Hat sanatındaki harflerin ölçüleri o yazdığımız kalemin ağzından çıkan noktayla belirleniyor. İşte bunların bazı kuralları var. El meleke kazanana kadar bu noktayı tutturmak zor. Hoca harfi yaparak noktalarını koyar. Bu şekilde ödev kontrolünü yapar. Ödevde 3’ten az hata olursa o dersi geçmemizi söyler yani bir sonraki derse geçmiş oluyorsunuz.
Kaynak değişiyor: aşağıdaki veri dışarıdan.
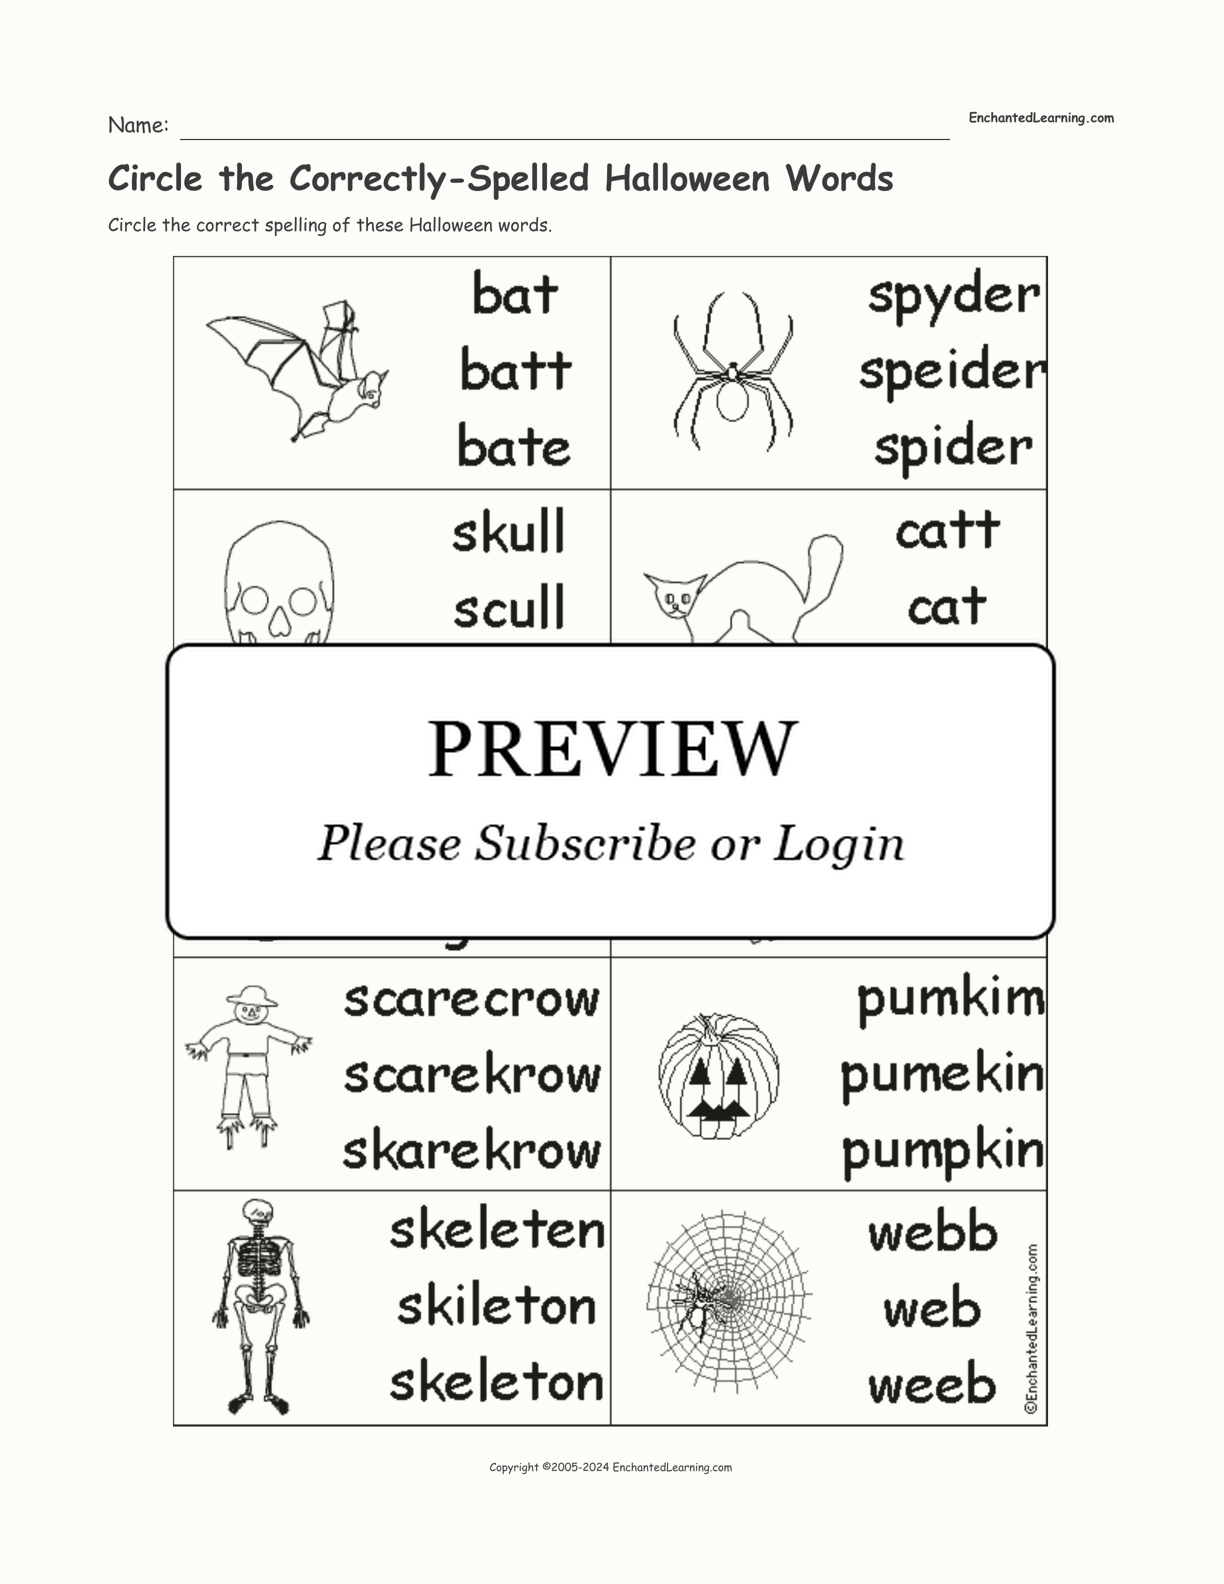 Circle the Correct Spelling - Halloween Words interactive worksheet page 1

Mesela biz Hasan hocaya ödev göstermek için gittiğimizde içeride birçok öğrenci olurdu, kimse sıranın kimde olduğunu bilmezdi fakat Hasan hoca kimin önce geldiğini kimin sonra geldiğini dikkatle takip eder, talebelerini ona göre çağırırdı.
Ben de, Hasan hocam da imamlıktan emekli, İstanbul’da Hat ile uğraşmak için en uygun meslek İmam-hatiplik diye düşünüyor ve çok istiyordum.
Bütün öğrencileriyle kırmadan, incitmeden, yorulmadan, sabırla ilgilenirdi halen de öyledir. Mesela bizim öğrencilerimizden teberrüken Hasan Çelebi hocamıza ders göstermek isteyenler olur, onlara bile sabırla teker teker tatlı dille nasihatler eder, sabır ve şefkatle dersini kontrol eder.
Hasan hocanın bu eğitim modelini uygulayabilen bir talebesi bu sanatı ileriki bir nesle aktarma, öğretme noktasında başarılı olmuştur diye düşünüyorum.
Asude bir hayatı vardır, acele etmez, teenni ile hareket eder, vakurdur, ihtişamlı bir görüntüsü vardır.
Bana böyle bir görev verildi. O göreve 2008 senesinde tek başımıza başladık, devam ettik. Hoca eğitim-öğretim konusunda, ders gösterme konusunda bize nasıl davrandıysa, nasıl ödev kontrol ettiyse, kontrol ederken neler söylediyse, tamamen onu taklit etmeye çalıştım, tamamen onu yapmaya çalıştım.
Hamit Aytaç’tan birkaç kişi ders almış, Hamit bey hocalık yapmış tabi fakat bu işi devam ettiren, çok talebesi olan, çok hattat yetiştiren Hasan Çelebi’den başka bir öğrencisi olmamıştır.
Bunda bir hikmet var o da hocanın öğretim ve eğitim metodudur. Kol kanat gererek kırmadan, üzmeden, moralini bozmadan göstermiş olduğu o müşfik eğitim-öğretim metodudur diye düşünüyorum..
Vakit ayırdığınız için teşekkür ederiz.
1975 yılında Kastamonu, Tosya'da doğdu.1997 yılında Marmara Üniversitesi İlahiyat Fakültesi'nden mezun oldu. Üsküdar Gülfem Hatun Camii’nde İmam-Hatip olarak görev yapıyor. Üsküdar’da bulunan yazıhanesinde ve Balaban Tekkesi Kültür Evi’nde hat dersleri vermeye ve Hüsn-i Hat çalışmalarına devam ediyor.